* _Your instructions_: Lines before the one containing "NiziUが、Yogiboでゆるんでいく!" are not wanted; restate the rest below word for word, through the last line, but drop any pictures.

Supplied data START

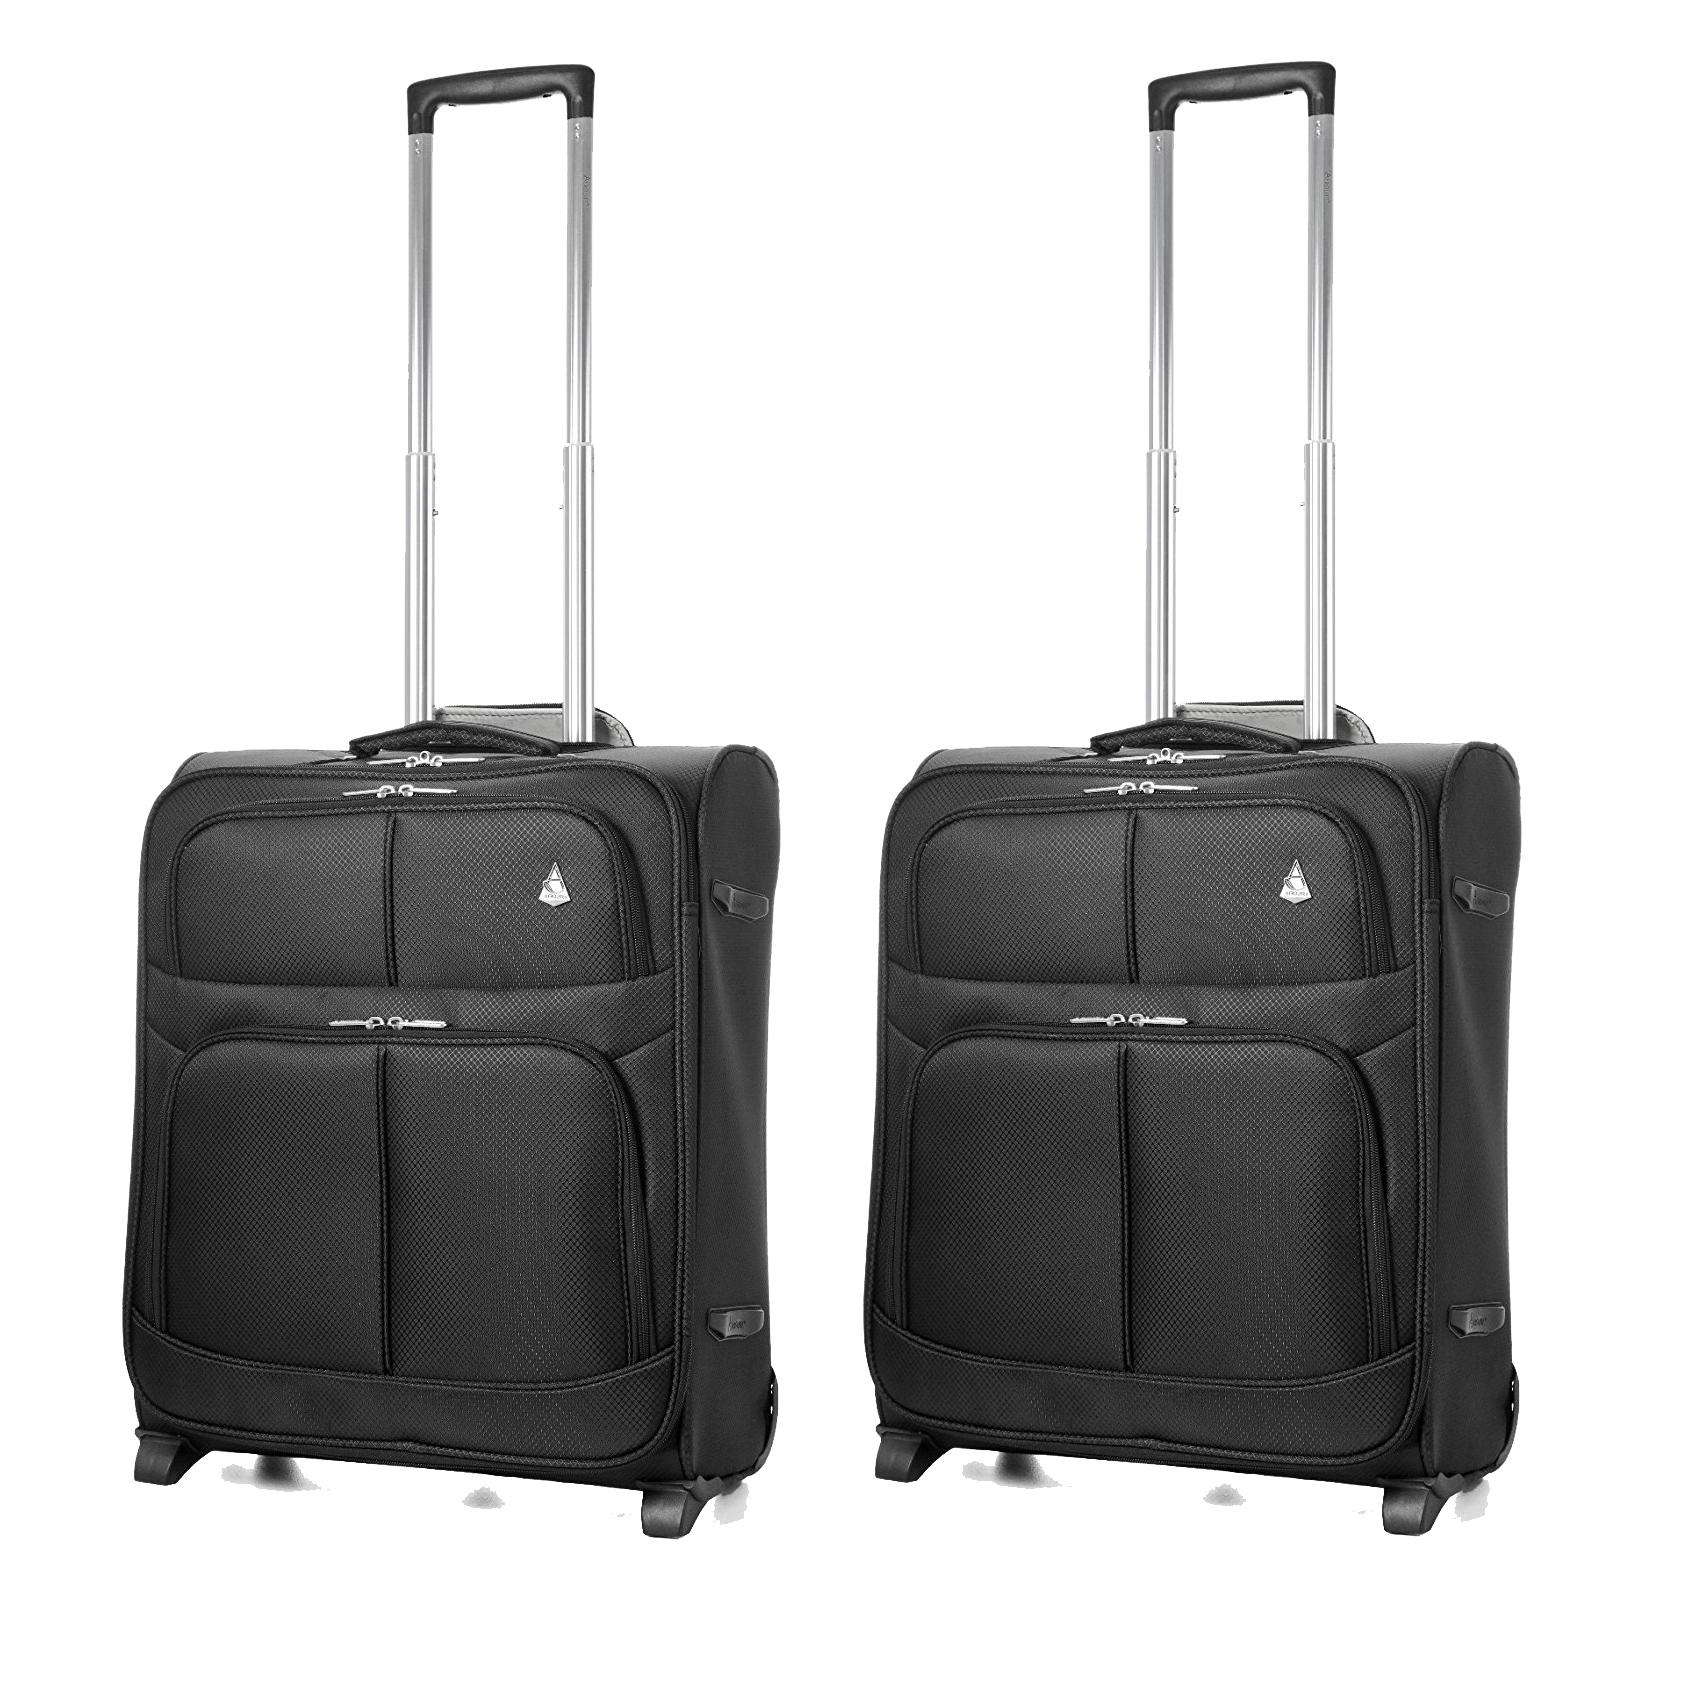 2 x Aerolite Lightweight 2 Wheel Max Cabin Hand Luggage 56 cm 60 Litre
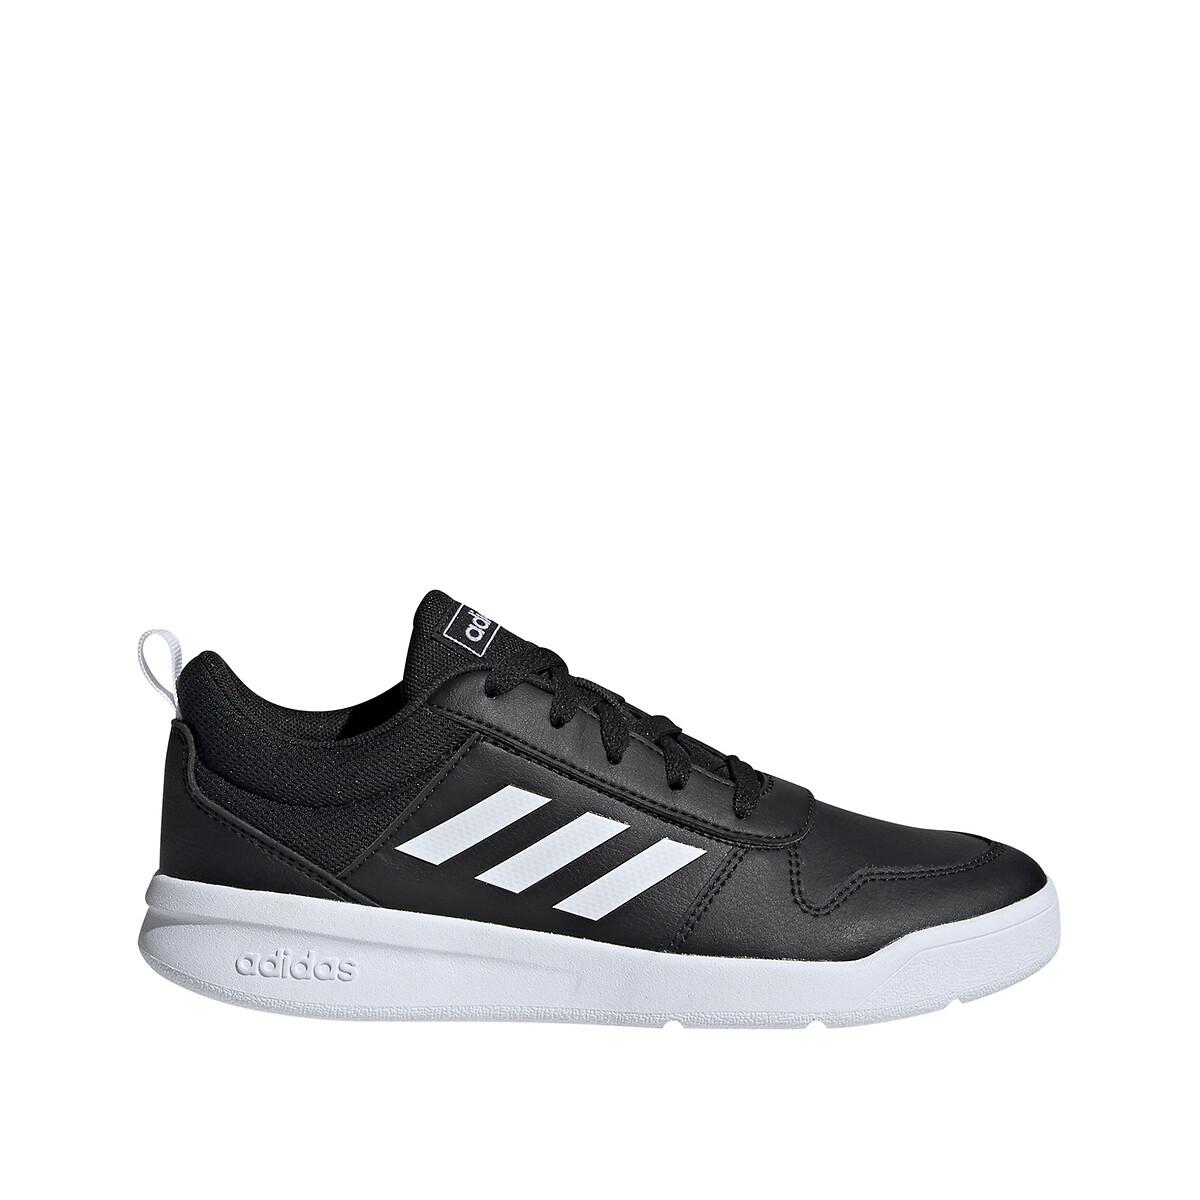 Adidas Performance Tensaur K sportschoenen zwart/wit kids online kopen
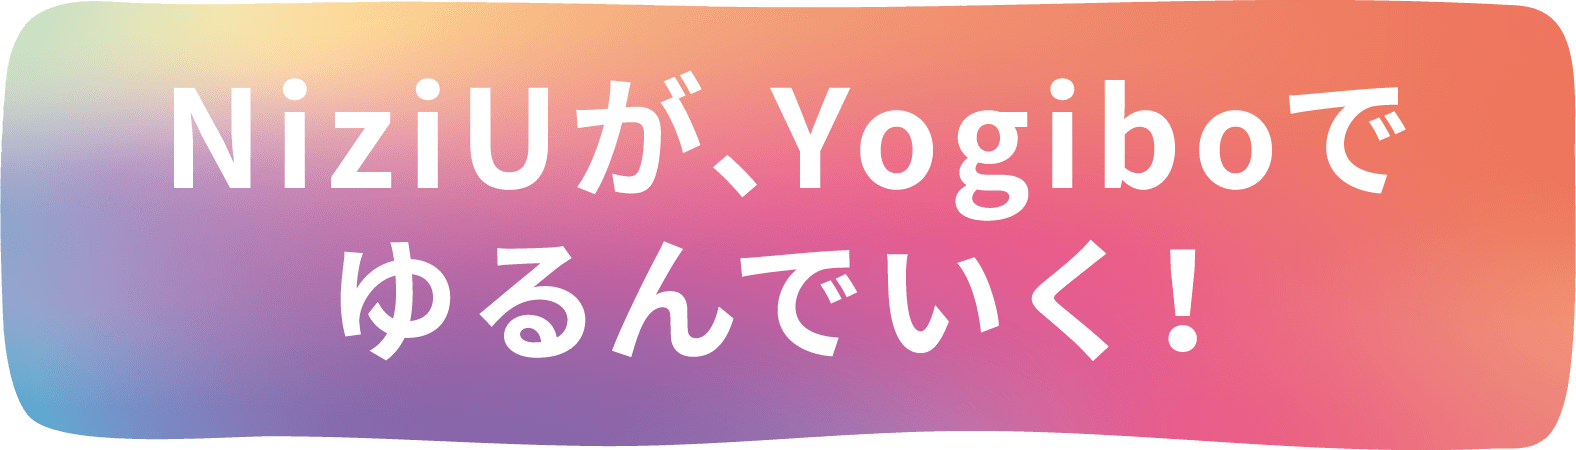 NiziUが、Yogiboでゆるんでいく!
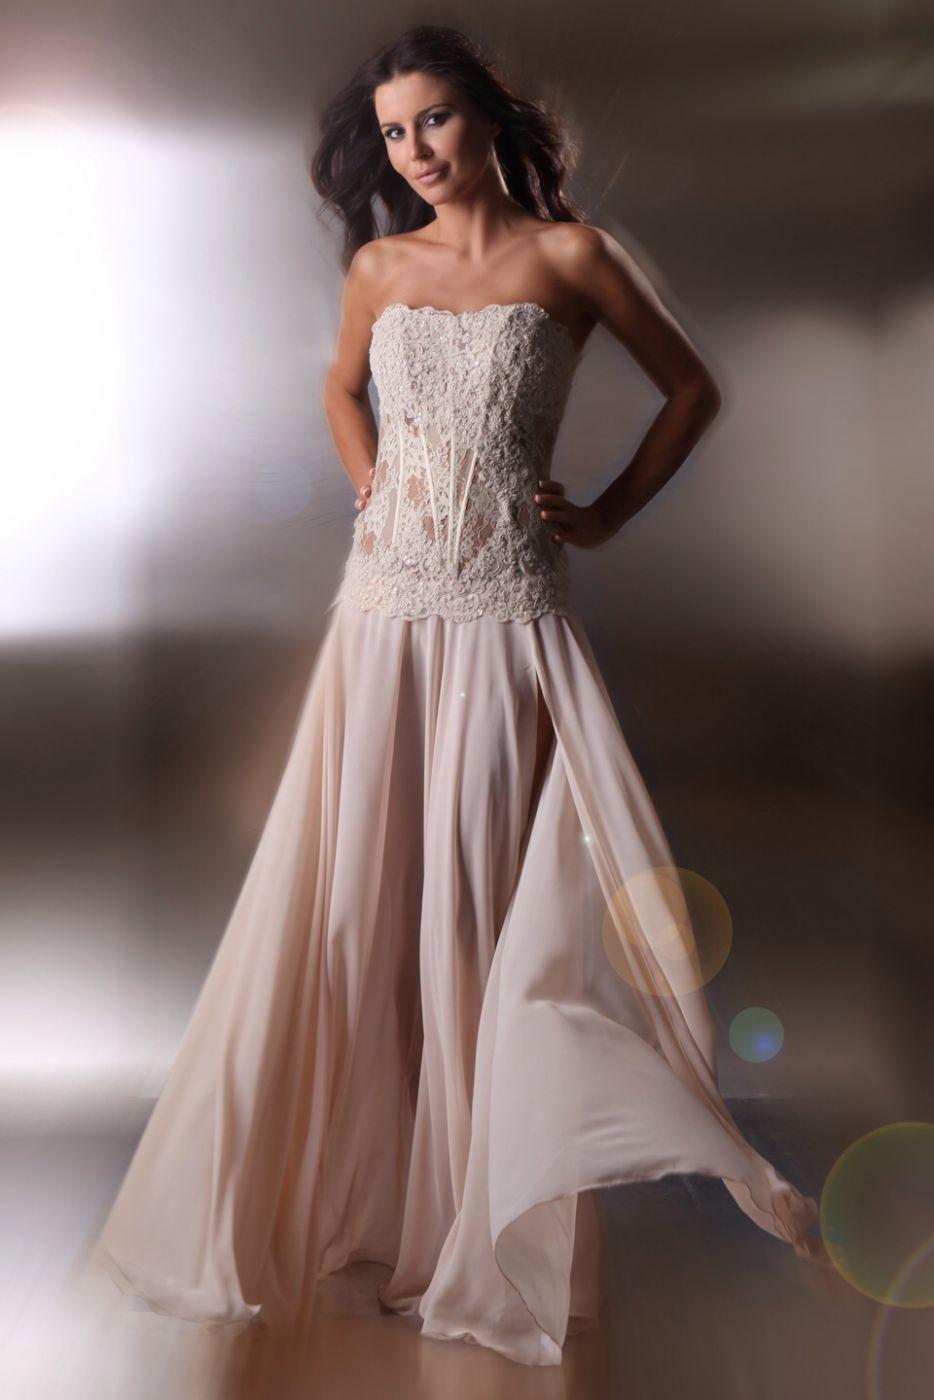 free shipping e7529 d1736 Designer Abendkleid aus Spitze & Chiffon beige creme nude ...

Supplied data END

* _Answer for this exercise_:
 NiziUが、Yogiboでゆるんでいく!
 free shipping e7529 d1736 Designer Abendkleid aus Spitze & Chiffon beige creme nude ...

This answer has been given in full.